S3, model parameter optimization and model verification:
s31, model evaluation: performing confusion matrix evaluation on the trained model, and outputting Precision TP/(TP + FP) and recall TP/(TP + FN), wherein the Precision of the embodiment after 1500 iterations is 82.41%, and the recall is 80.05%;
s32, ROC curve and AUC values: the model plots an ROC curve by taking the false positive rate in the confusion matrix as an abscissa and the real rate as an ordinate to show the increase of two variables, wherein the AUC value is 0.804:
s33, model parameter optimization: the xgboost model parameters are optimized through the parameters eta, max _ depth, nround, subsample, alpha, lambda, min _ child _ weight, etc. in the model
Adjusting; in this embodiment, when the fixed parameter eta is 0.3, the subsample is 0.6, the parameters alpha and lambda are default values of 1, the maximum iteration number nround is 35, and the depth max _ depth of the tree is 42, the model effect is optimal, and the model evaluation final results of 10 experiments are as shown in table 2 below.
TABLE 2 evaluation results of the model
The XGboost algorithm-based abnormal user identification method comprises a storage device and a processor, wherein the storage device is used for storing one or more programs, and when the one or more programs are executed by the processor, the processor realizes the abnormal user identification method based on the XGboost algorithm.
The preferred device may also preferably include a communication interface for communicating with external devices and for interactive transmission of data.
It should be noted that the memory may include a high-speed RAM memory, and may also include a nonvolatile memory (nonvolatile memory), such as at least one disk memory.
In a specific implementation, if the memory, the processor and the communication interface are integrated on a chip, the memory, the processor and the communication interface can complete mutual communication through the internal interface. If the memory, the processor and the communication interface are implemented independently, the memory, the processor and the communication interface may be connected to each other through a bus and perform communication with each other.
The invention also discloses a computer readable storage medium which stores at least one program, and when the program is executed by a processor, the abnormal user identification method based on the XGboost algorithm is realized.

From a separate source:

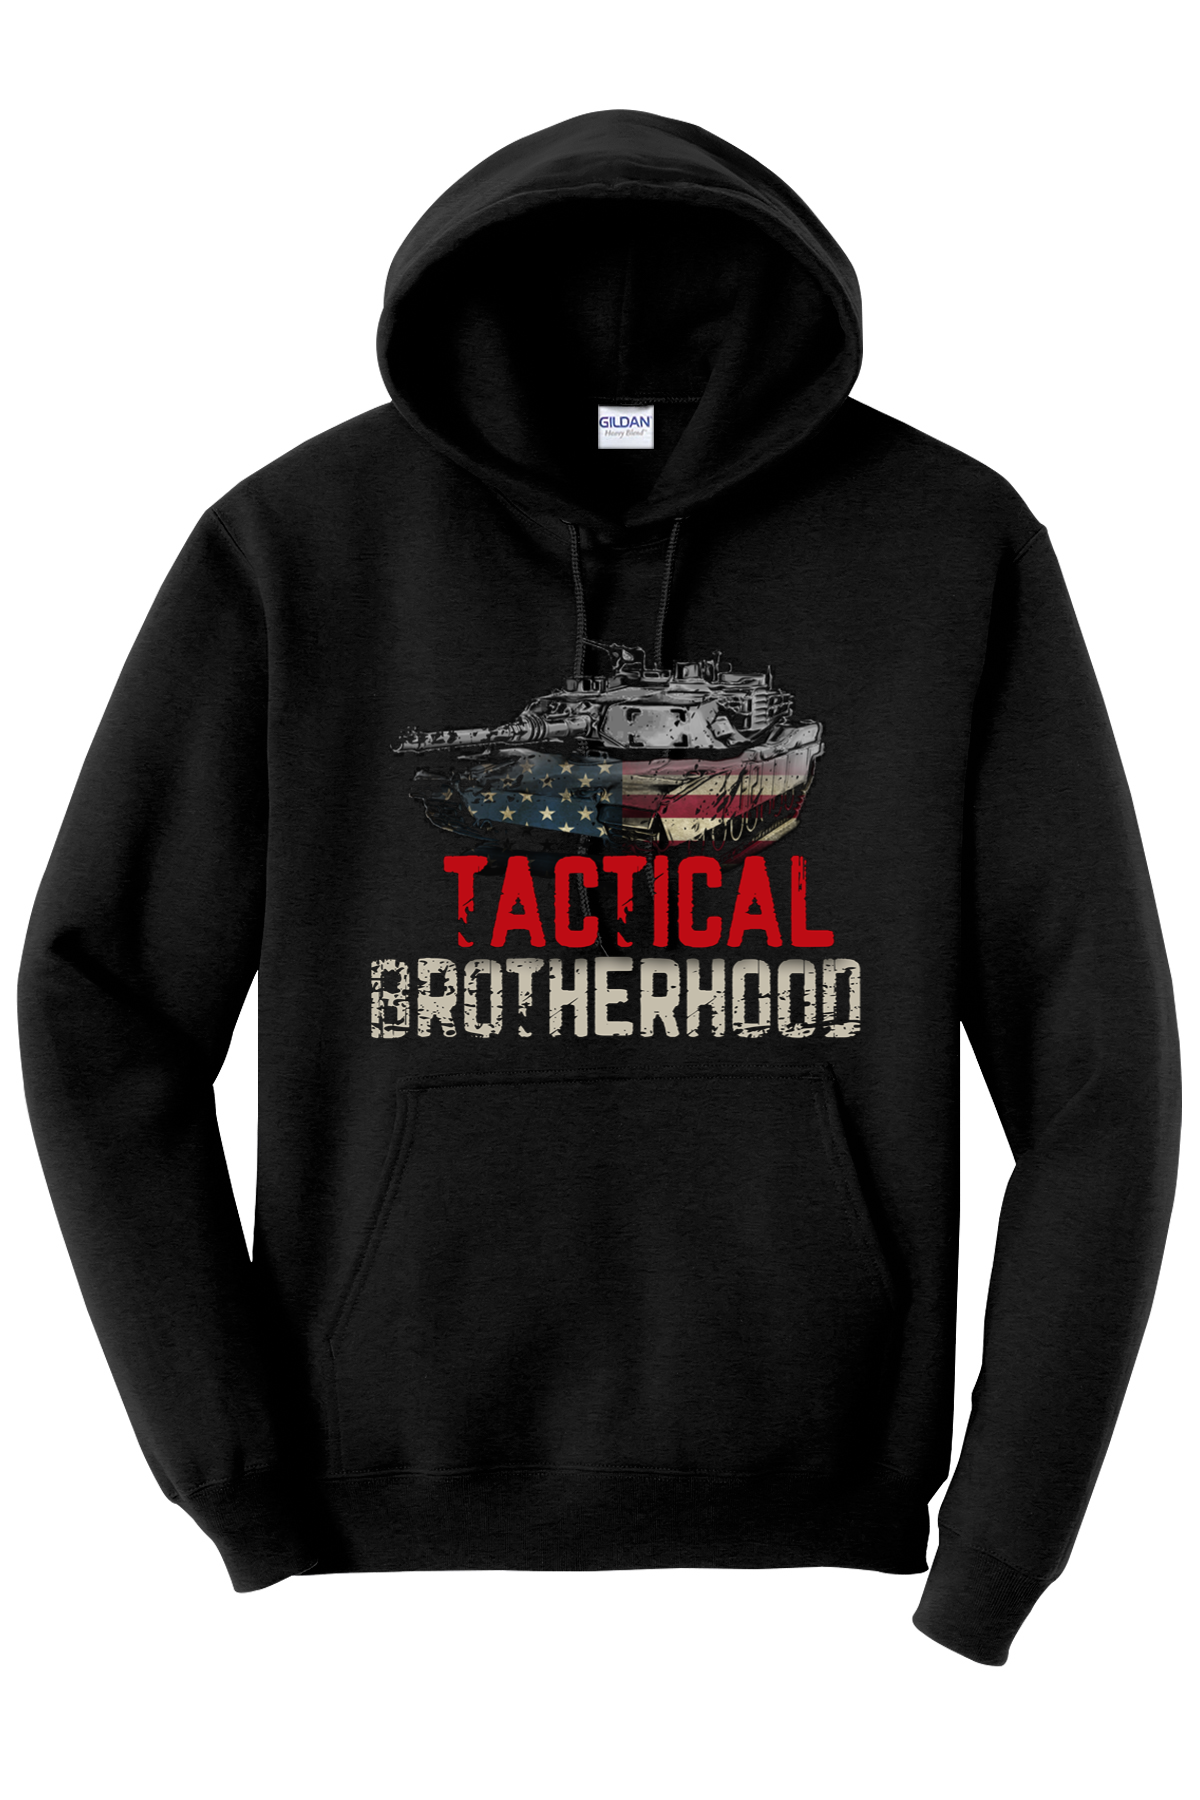 M1 Abrams - Tactical Brotherhood Hoodie

It should be understood that the computer-readable storage medium described above is any data storage device that can store data or programs which can thereafter be read by a computer system. Examples of computer-readable storage media include: read-only memory, random access memory, CD-ROM, HDD, DVD, magnetic tape, optical data storage devices, and the like.
The computer readable storage medium can also be distributed over network coupled computer systems so that the computer readable code is stored and executed in a distributed fashion.
Program code embodied on a computer readable storage medium may be transmitted using any appropriate medium, including but not limited to: wireless, wire, fiber optic cable, Radio Frequency (RF), etc., or any suitable combination of the foregoing.
In some embodiments, the computer-readable storage medium may also be non-transitory.
The above embodiments are only preferred embodiments of the present invention, and the protection scope of the present invention is not limited thereby, and any insubstantial changes and substitutions made by those skilled in the art based on the present invention are within the protection scope of the present invention.